The story canters along with the team tackling various leads and weird occurrences that inevitably prove to be connected. As Gwen and Ianto investigate, Jack realises he must atone for a terrible past mistake, leading to a showdown at a gay club. The plot is confusing until the separate strands start to come together, and there are a few minor plot holes. The key flashback scene is pacey and well balances action, atmosphere and exposition, but the sheer out of characterness makes it hard to follow Ianto’s motivations. To what degree is he bluffing, and to what degree serious? Both are problematic. It’s also a little surprising an exploration of Ianto’s psyche and memories don’t bring up more from his past, like Lisa or the fall of Torchwood One. The finale is outrageous in more ways than one, and is pretty gross and gory. Not one for the weak of stomach. The postscript surprise guest appearance ensures Doctor Who fans finish this book happy.

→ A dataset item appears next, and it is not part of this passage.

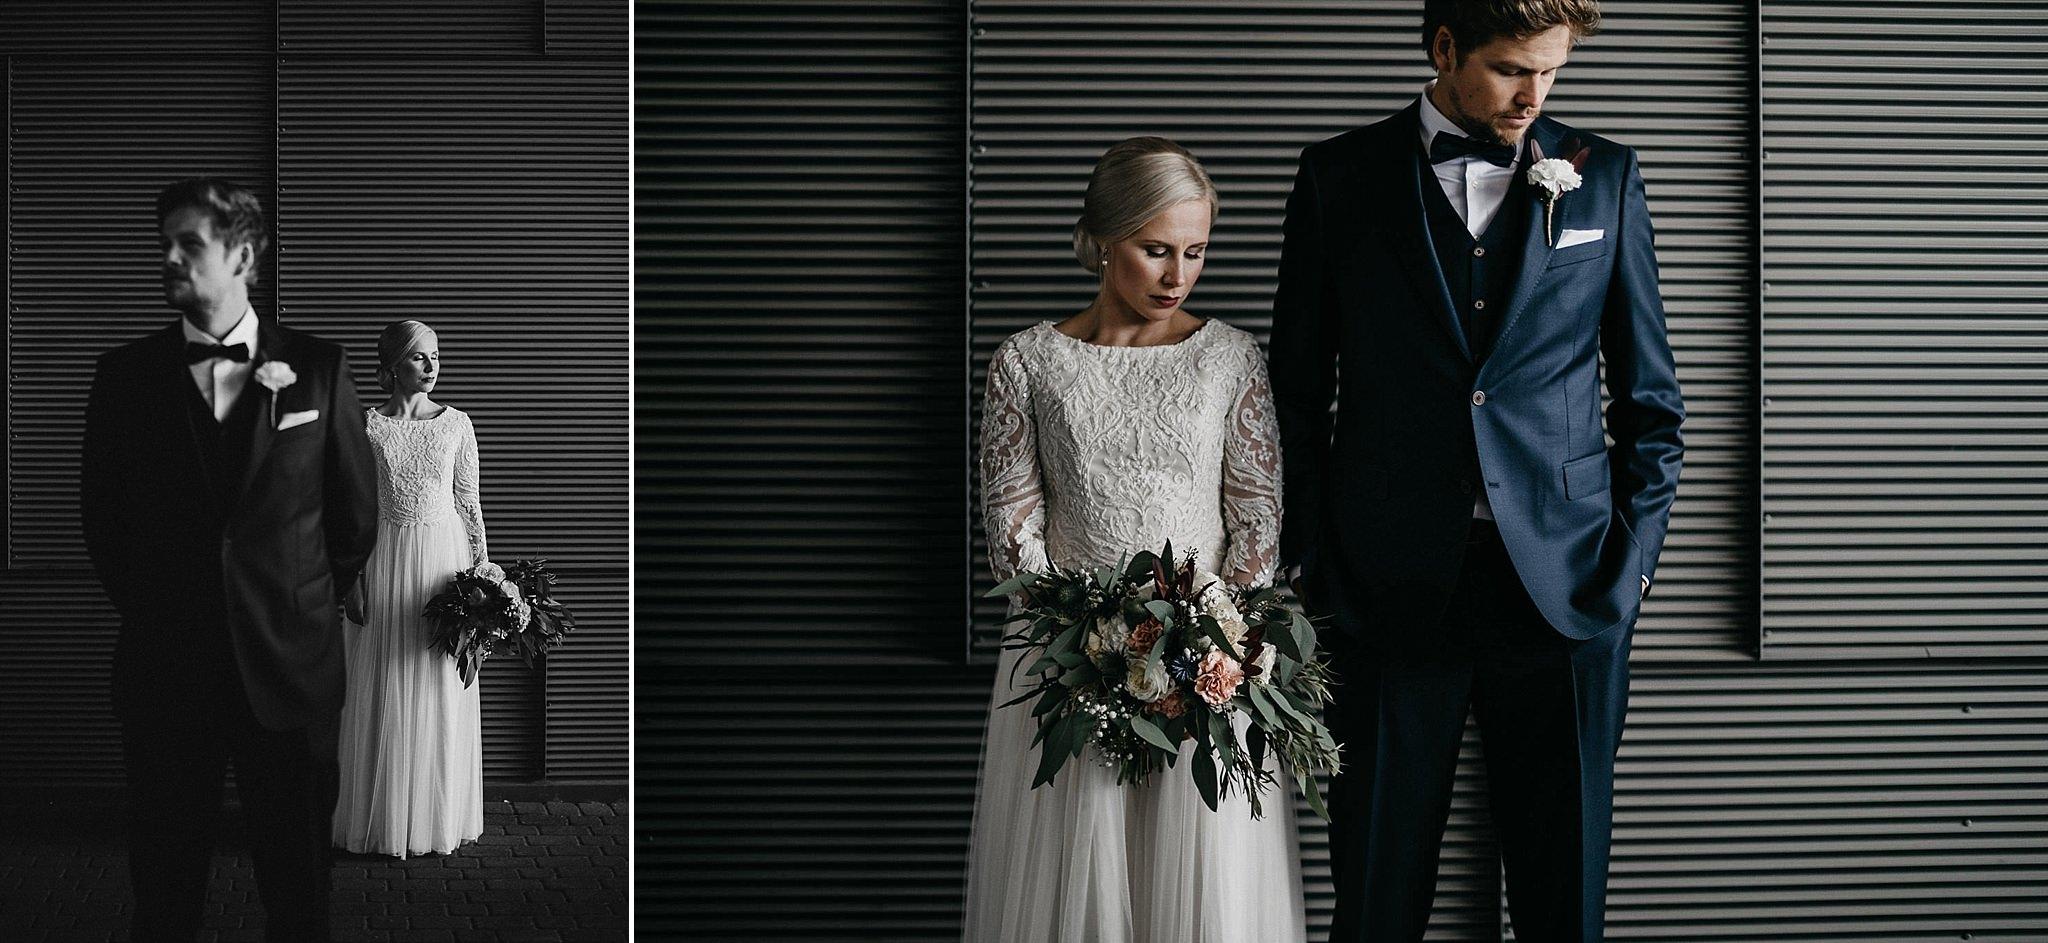 Haakuvaus_wedding_jyvaskyla_muurame_tuomiston_tila_0097.jpg
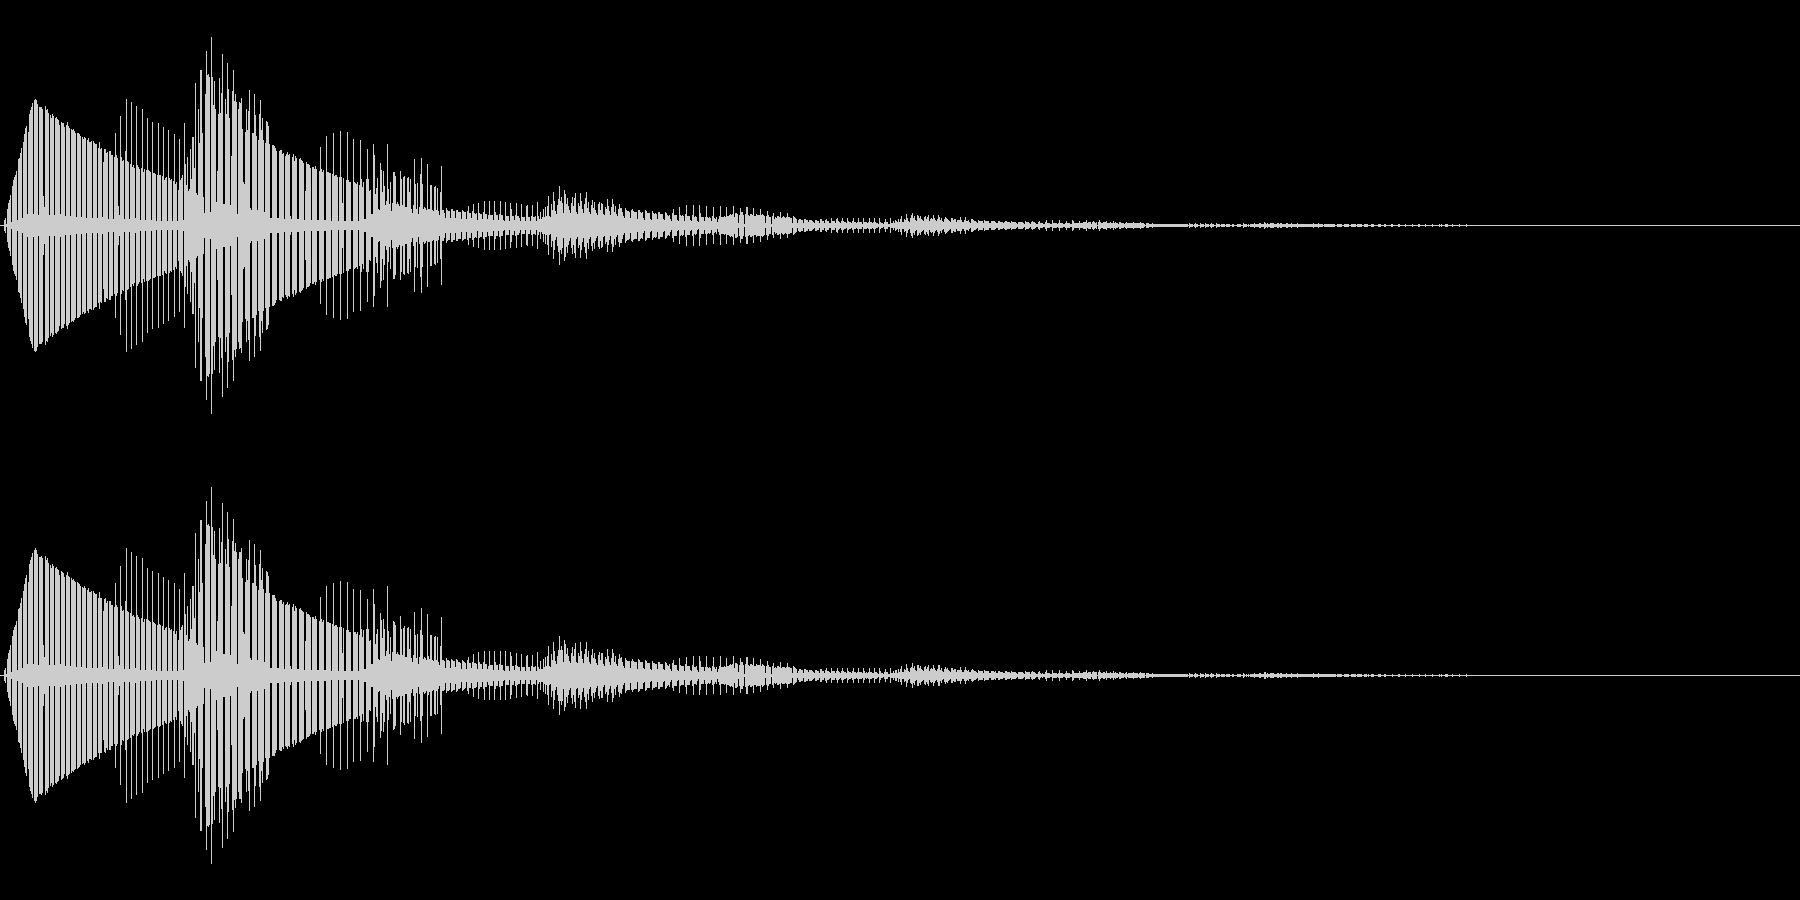 エラー表示が出た時の効果音の未再生の波形

Almost Perfect has a strong story, well told with all the elements needed for a good solid read. But while enjoyable, it’s impossible to overlook its flaws. It feels like it wants to be a trenchant criticism of the homogenising “perfect clone” culture of the gay scene, with its inherent superficiality and vanity (the “gay club = meat market” metaphor is rammed home pretty hard). But this is a sci-fi novel and a Torchwood novel at that, and while it’s a new and interesting slant on sci-fi standards of mind control and body-swap, the two elements sit slightly uneasily together. In Goss’s world dating is war, but ultimately love will save the day while those who put all their effort into achieving “perfection’ will fall by the wayside, their looks irrelevant. But hey, how can you not kind of love a book where Jack Harkness has a threesome with gods?
Almost Perfect (by James Goss) was released by BBC Books in October 2008.